Net: After our encore performance, we now return to our all-new episodes. Happy belated Bastille Day — and what a great time to be French. And, in the spirit of that cultured country, we offer …

FINE WHINE
From Jimmy Jam to Wrong Place at the Wrong Time Dude: WHHAAAAHHHH!!! For your message to your fellow Math 1252 students — if you can’t hack it, get out. To actually sit and complain about your personal grade problems to students who have decided to study (Sorry — that’s what I thought school was all about.) Net: Sounds like you have a case of the Responsible Student Blues. Watch two showings of “Animal House” and call us in the morning. simply because the curve is higher than you’re used to might seem to be a major problem to you, but why should I care? Net: Because, as a fellow student, you should show solidarity with your comrade. But more on that later.
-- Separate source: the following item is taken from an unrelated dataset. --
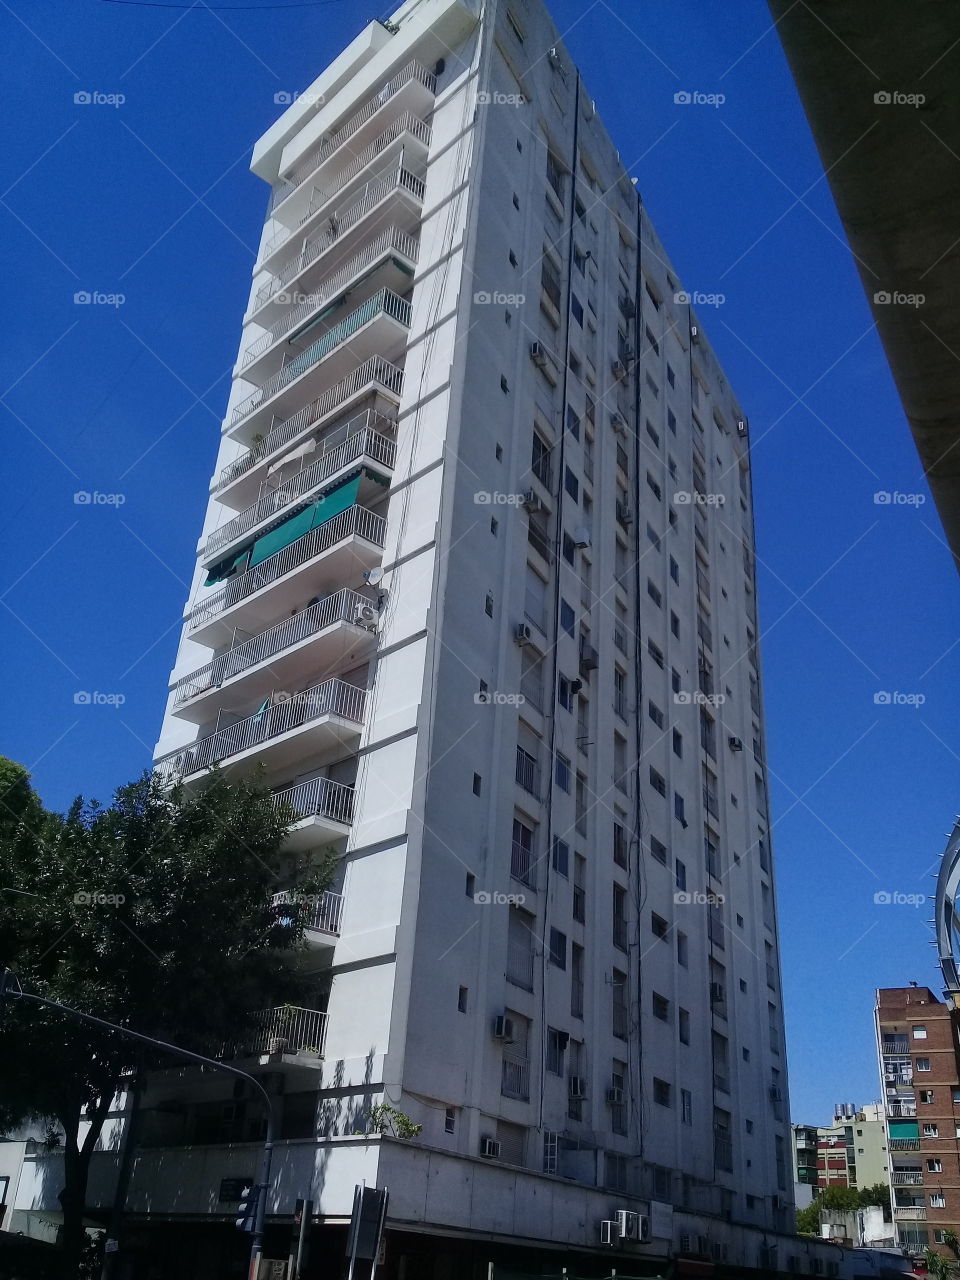 imponente rascacielos recortado contra un cielo de verano despejado de verano y ubicado en una céntrica avenida de la ciudad de Buenos Aires.

I work two University jobs, day and night, for a total of 25 to 35 hours a week, carry a class load of 17 to 22 credits a quarter, and I still manage a grade point average of 3.26. Time to fish or cut bait, “dude.”
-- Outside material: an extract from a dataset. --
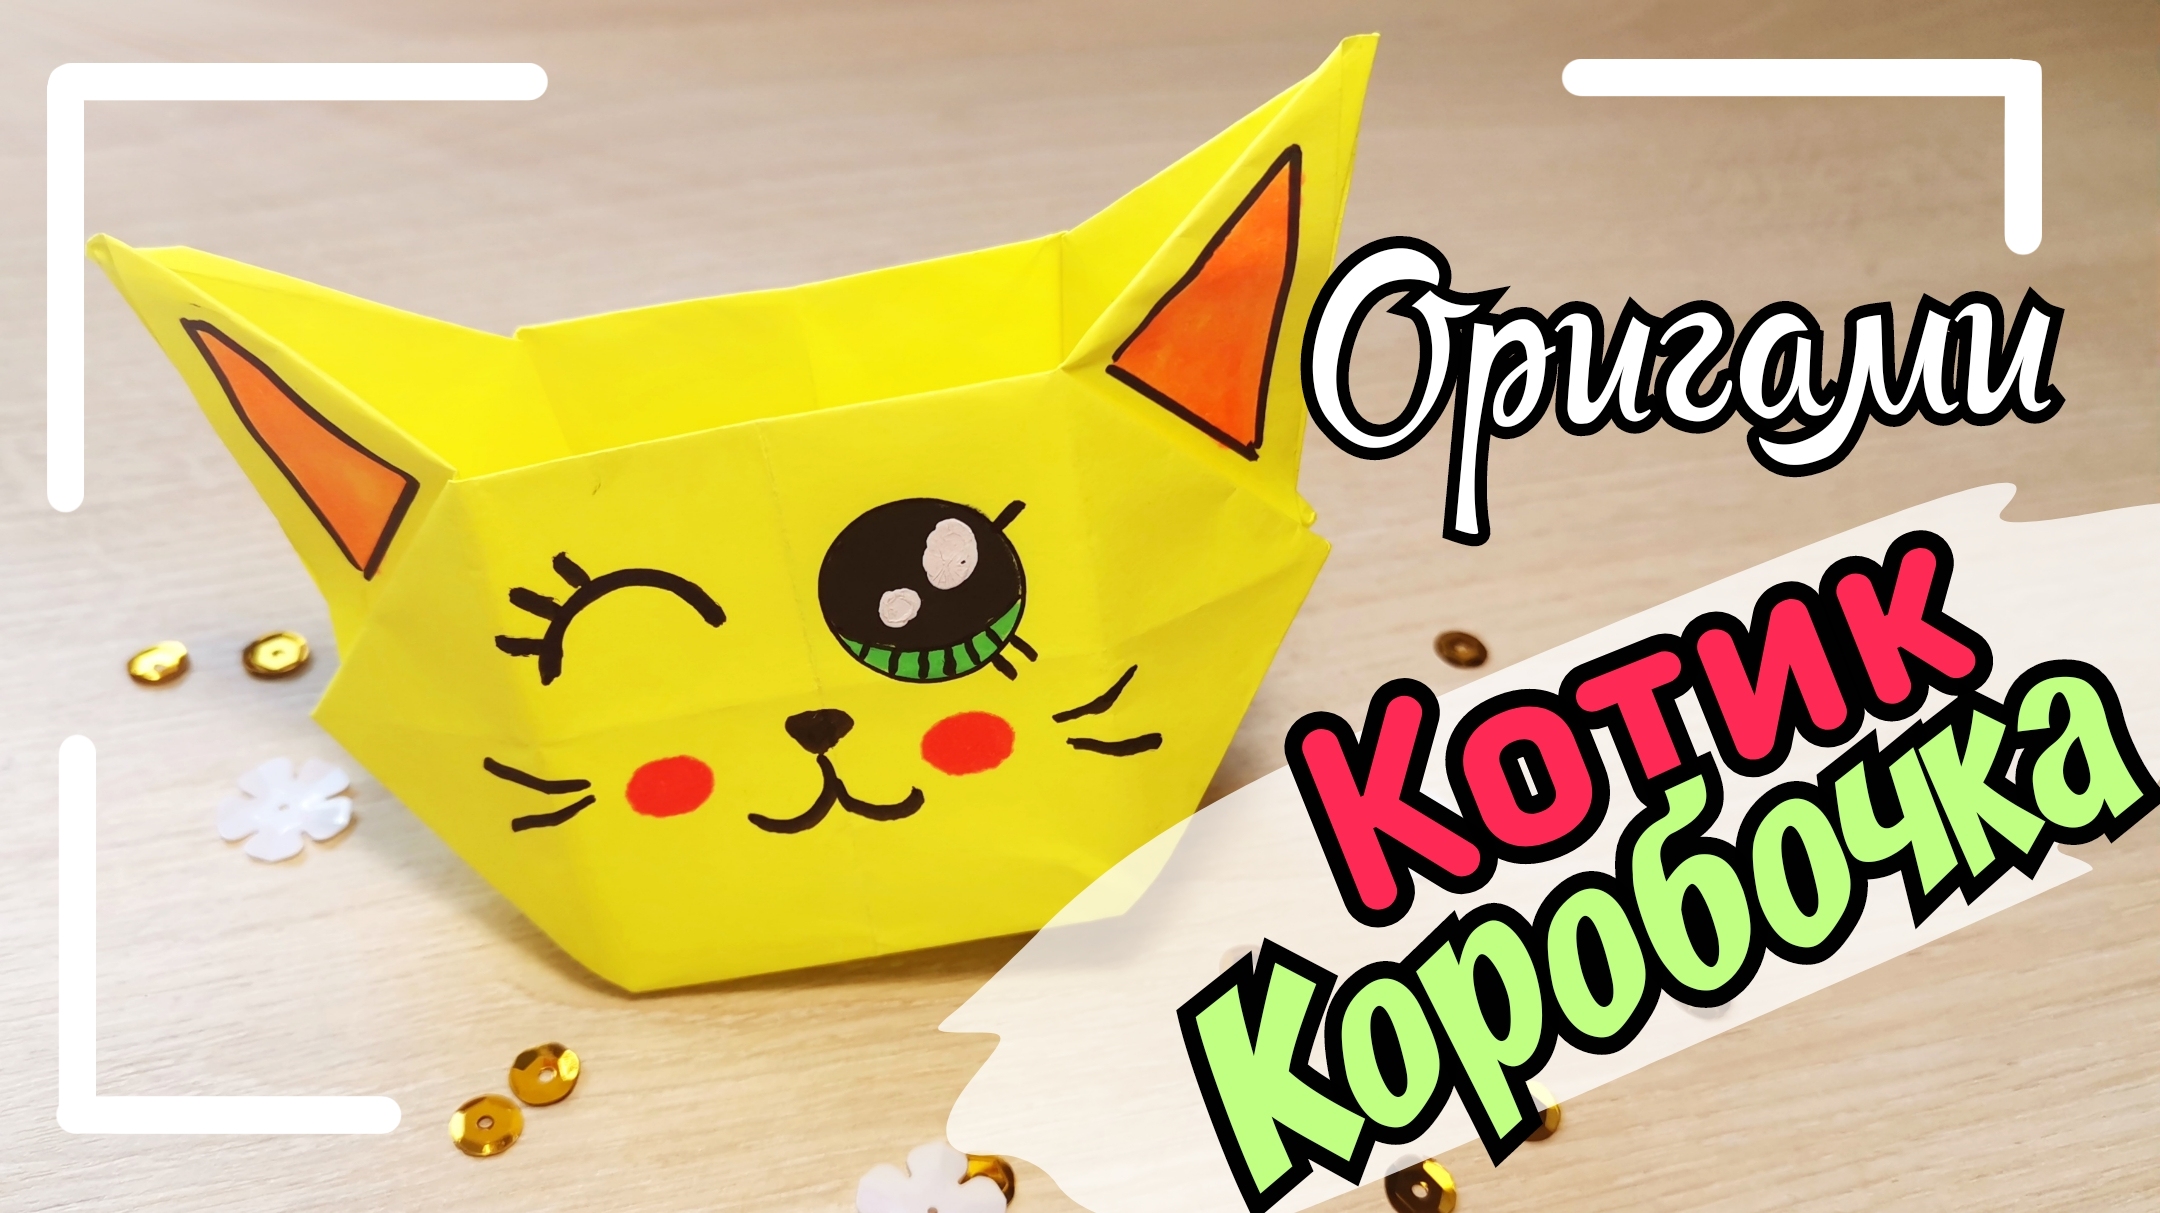 Оригами кошка/как сделать оригами коробочку /оригами коробочка/оригами кот  | Katy Laks | Дзен

The world is competitive. Once you leave this pristine paradise of higher education Net: Wow. And to think we came here for the wings at BW-3. Philistines are we. you’ll be expected to “put up or shut up.” The breaks will only be made from your determination, not by complaining that your competitor put his time into a project while you sat on your laurels and whined.
Net: Ah-ha. We have a Social Darwinist here. Look, your ideals are noble here, but we think you’re missing a larger point. It’s exactly that sort of rugged individualism that allows The Man to divide and conquer! Can’t you see what He’s doing? All you hard-working students are just hamsters running the wheel of life, caught in your cages and not knowing what’s on the other side. Folks like you willingly accept overtime, bitch about things like the GM strike and live RESPONSIBLY!
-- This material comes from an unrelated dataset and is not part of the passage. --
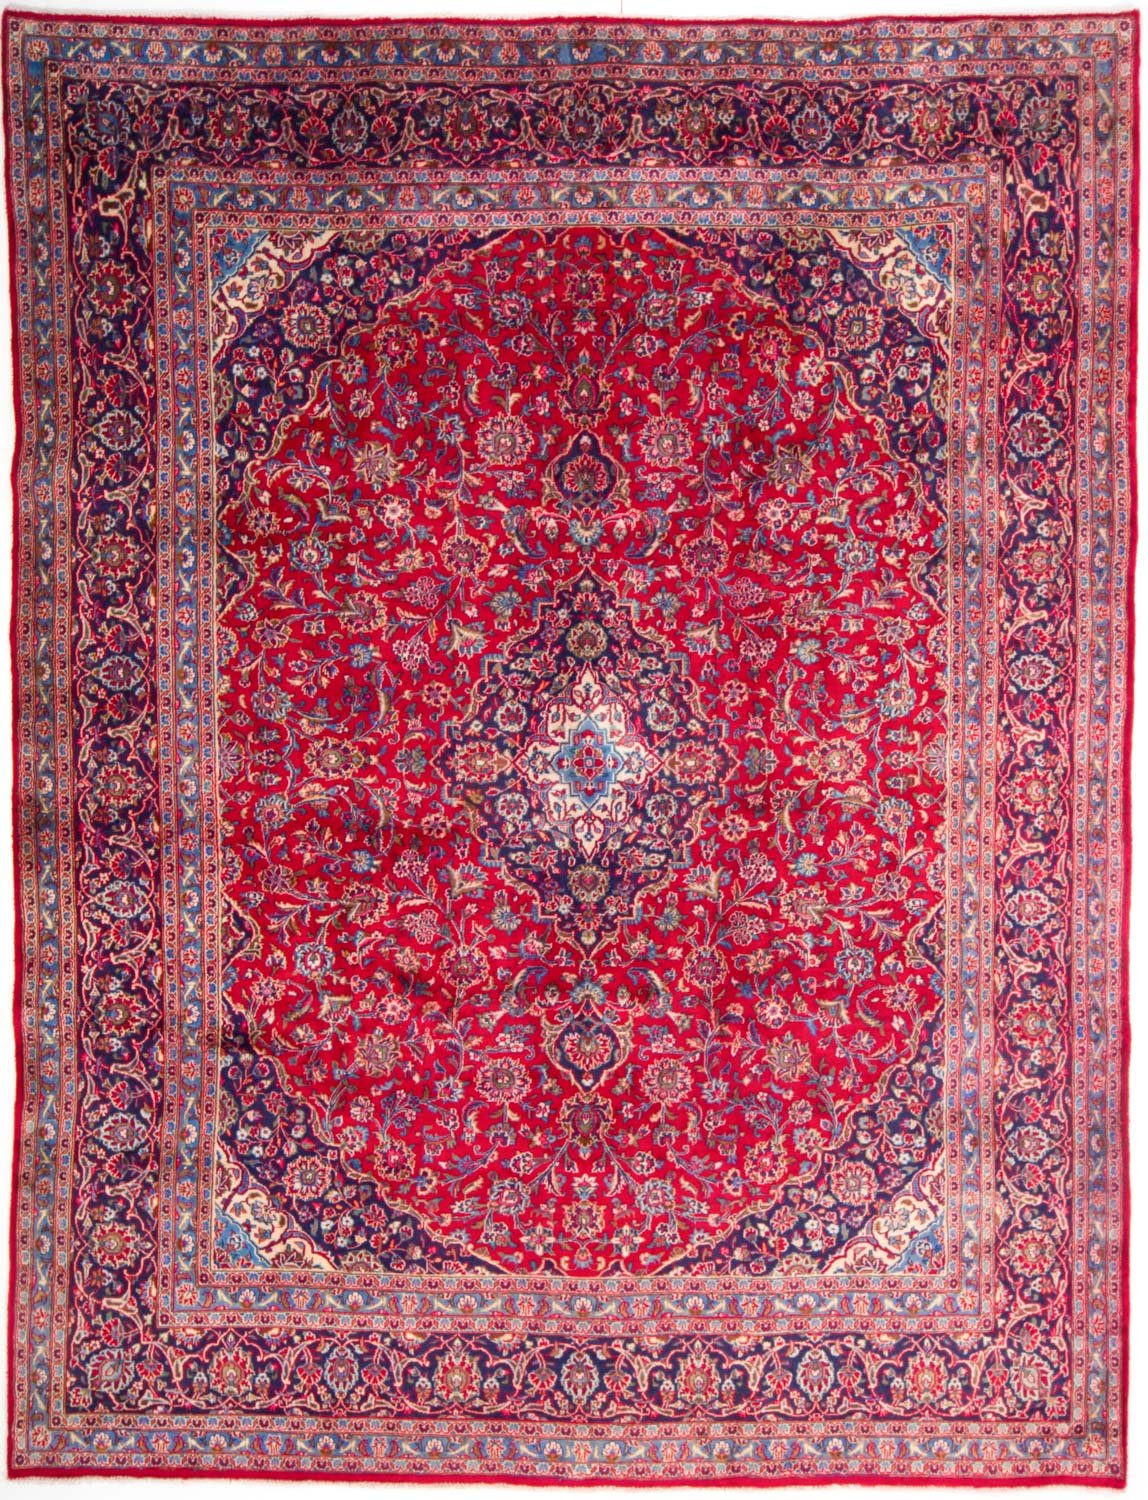 Europa stijl Ochtend gymnastiek Perzische tapijten kopen? Zo herken je zelf een écht Perzisch tapijt (7  tips) | Glamourista - kapsels

But that’s not what we’re about, man. Chill out! Blow that exam! Smoke some weed, put on the incense and say the same things about Pink Floyd over and over again. It’s the “Dude” way of life, and it’s what we all can have — if only we stick together. So go for it, folks — tune in, turn on and drop out! ­Hasta la victoria siempre!
Now, back to our letter …
Wake up! The real world is coming up fast and strong. You are responsible for your own actions, including whatever grade you receive in your classes.
It’s not dependent on another person’s study habits, but whether you yourself have what it takes to “make the grade.” Net: And despite all your rage, you are still just a rat in a cage. We suggest a bacchanalia at the Smashing Pumpkins concert this week. Let us know how you feel when you get back.

THEY STAY THE SAME AGE …
From Dirty Old Man to Winston: Gosh … you got all those cute little 15-year-old girls on your side of campus. … We got stuck with a bunch of 15-year-old boys for some wrestling camp here at Sanford. WHAT A GIP!! Net: Not necessarily. Remember — according to Aristophanes in Plato’s “Symposium,” the purest form of love is between an older mentor and a younger man. Perhaps you should reach out to these fine budding boys — learn some wrestling moves while you drink libations to the gods … that’s all we’ll say. Let your imaginations run wild, folks. We’ll check ya later.